While U.S. climate policies remain in planning and debating stages, Canadian counterparts adopted since the Liberals won office in 2015 are being put into practice.
As of April 1, Canadians are paying a 33% increase in a carbon tax to C6.6 cents/liter of gasoline (25 cents/gallon) and C5.9 cents/cubic meter of natural gas ($1.38/MMBtu).
An array of other Canadian climate policy initiatives have been announced, from buyer subsidies for electric cars and low-emission home improvements to tax cuts for clean energy hardware manufacturers and a national campaign to plant two billion trees.
Still, the Canadian green new deal stops well short of prohibiting fossil fuel exports or even their growth.
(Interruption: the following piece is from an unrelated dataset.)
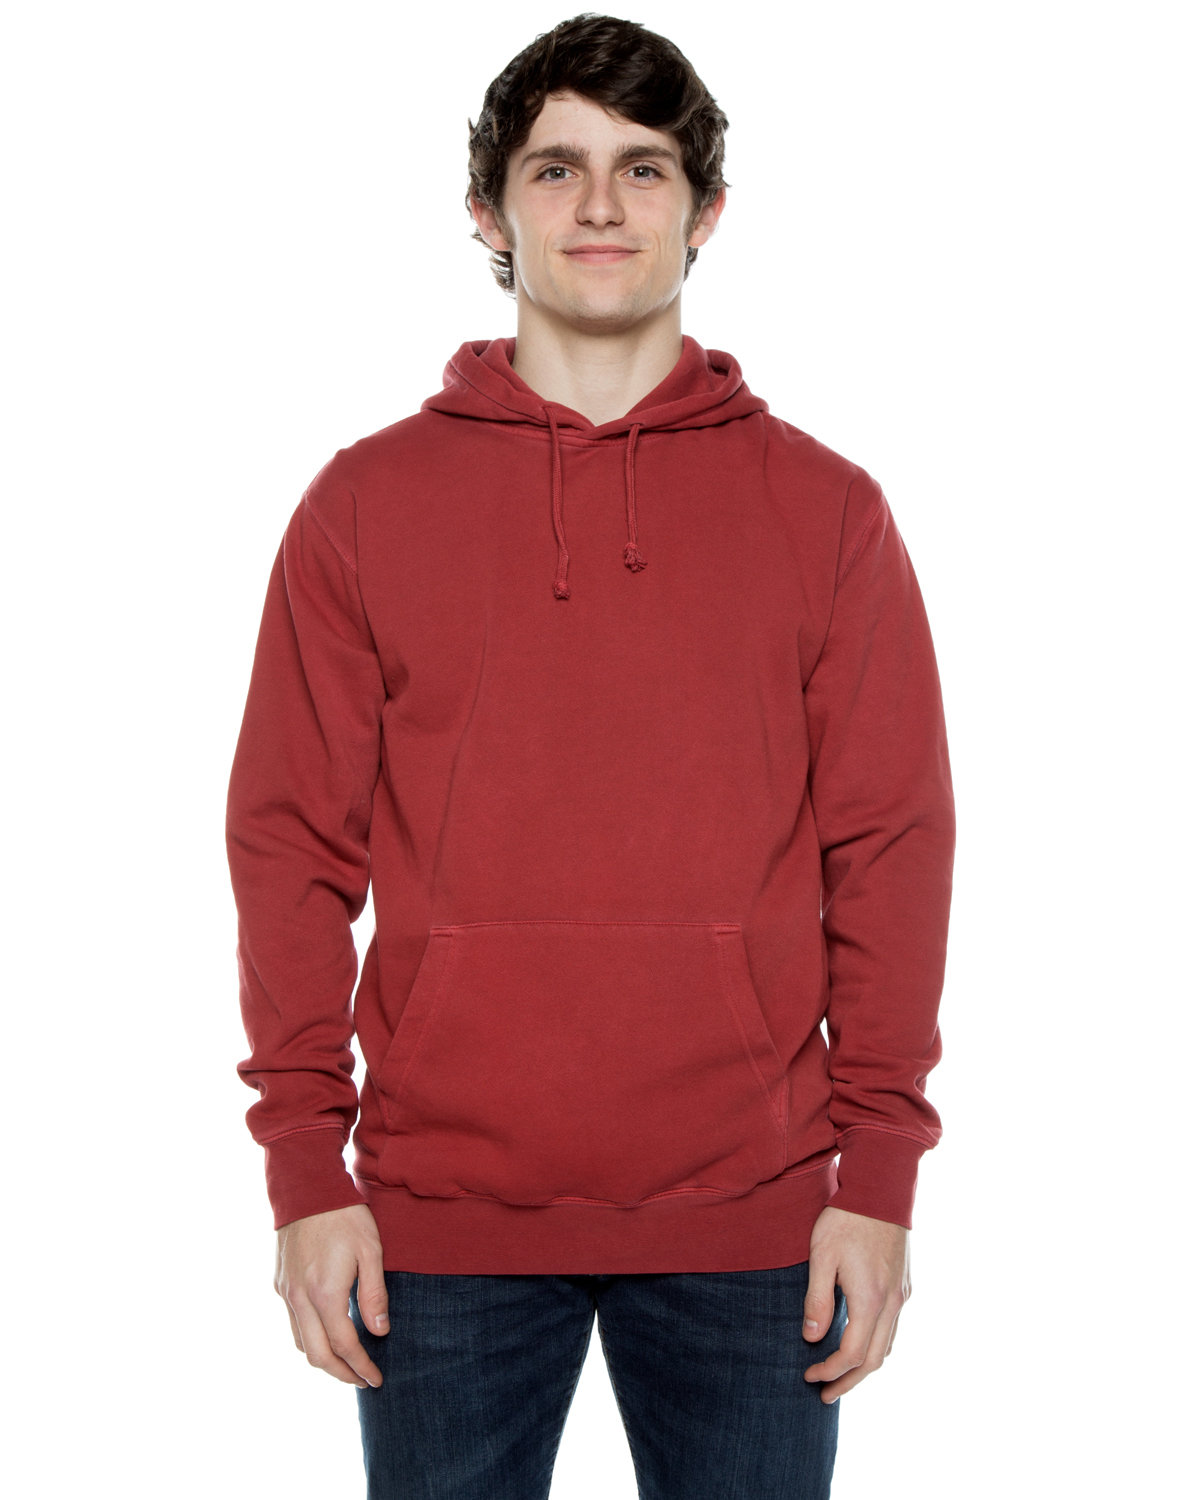 Beimar Drop Ship Unisex 8.25 oz. 80/20 Cotton/Poly Pigment-Dyed Hooded Sweatshirt RED

The Trudeau government supports 960,000 b/d of expansions under construction by Trans Mountain Pipeline and Enbridge Inc.’s Line 3, and is campaigning to save the 540,000 b/d Enbridge Line 5 from closure as an environmental menace in Michigan.
Natural gas pipeline additions, aimed at increasing both exports and domestic deliveries, are also underway by Canadian and U.S. subsidiaries of TC Energy Corp. with approvals by the Canada Energy Regulator and the federal cabinet.
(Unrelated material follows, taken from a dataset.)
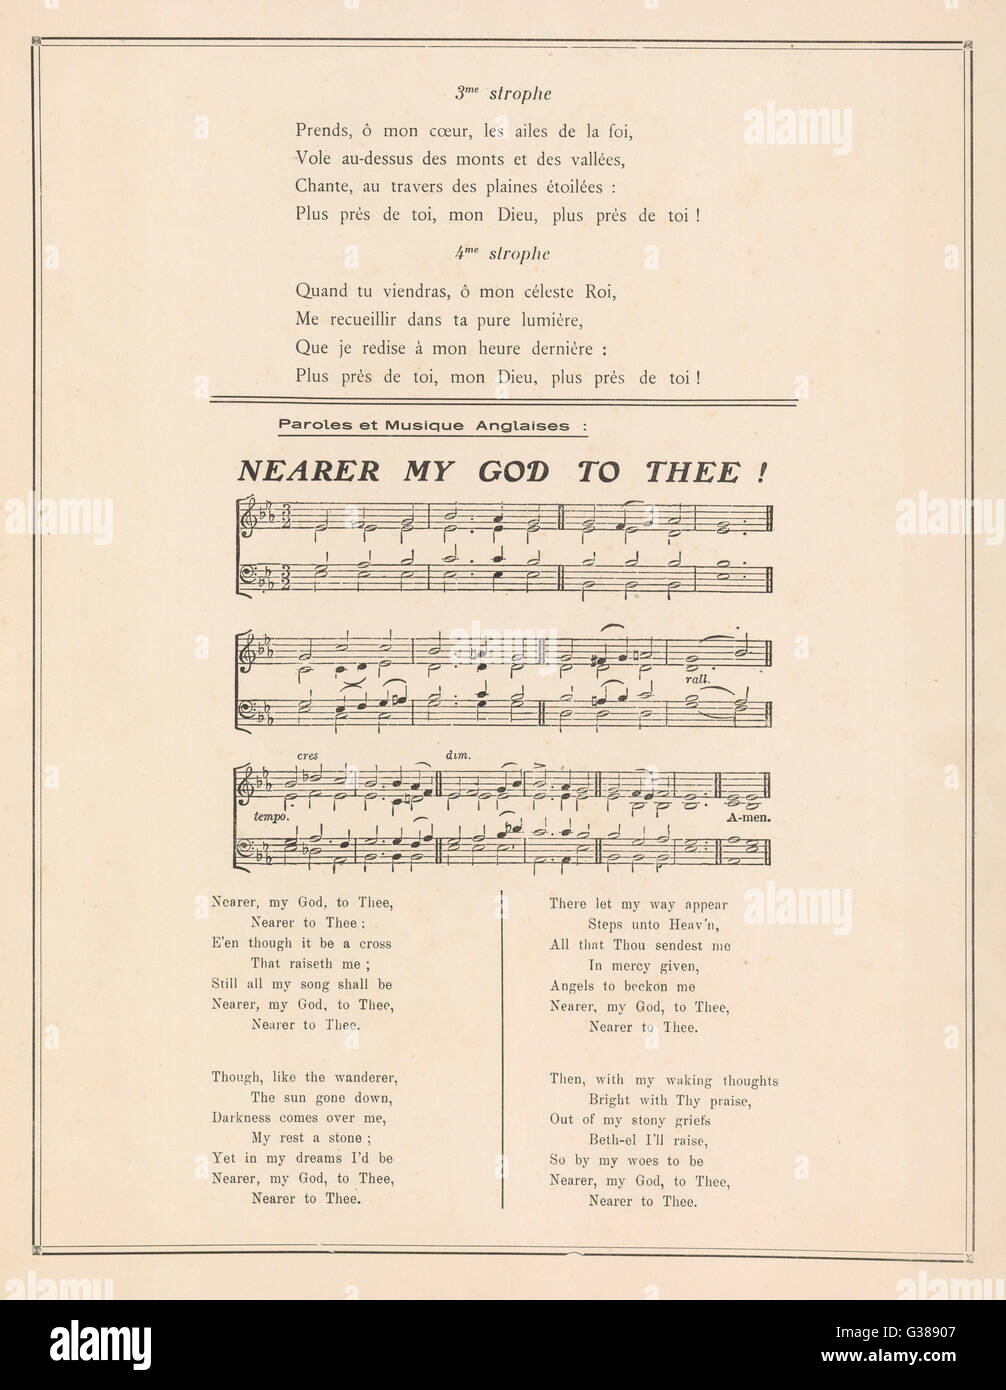 &quot;Nearer My God To Thee&quot; (&quot;Plus Pre De Toi Mon Dieu&quot;) French music sheet of the hymn played by the band on the deck  of the Titanic as the ship  sank.     Date: 1912 Stock Photo

Liberal ministers participating in Biden’s climate change summit along with other global leaders did not dwell on the pipeline projects or Canada’s long-standing prominence as an international oil and gas supplier. Instead, emphasis was placed on next-generation energy prospects.
Environment Minister Jonathan Wilkinson vowed to “accelerate the benefits of clean energy, clean technology and clean growth.” International Development Minister Karina Gould pledged, “Canada will continue to support developing countries in their transition to a carbon-neutral and nature-positive future.”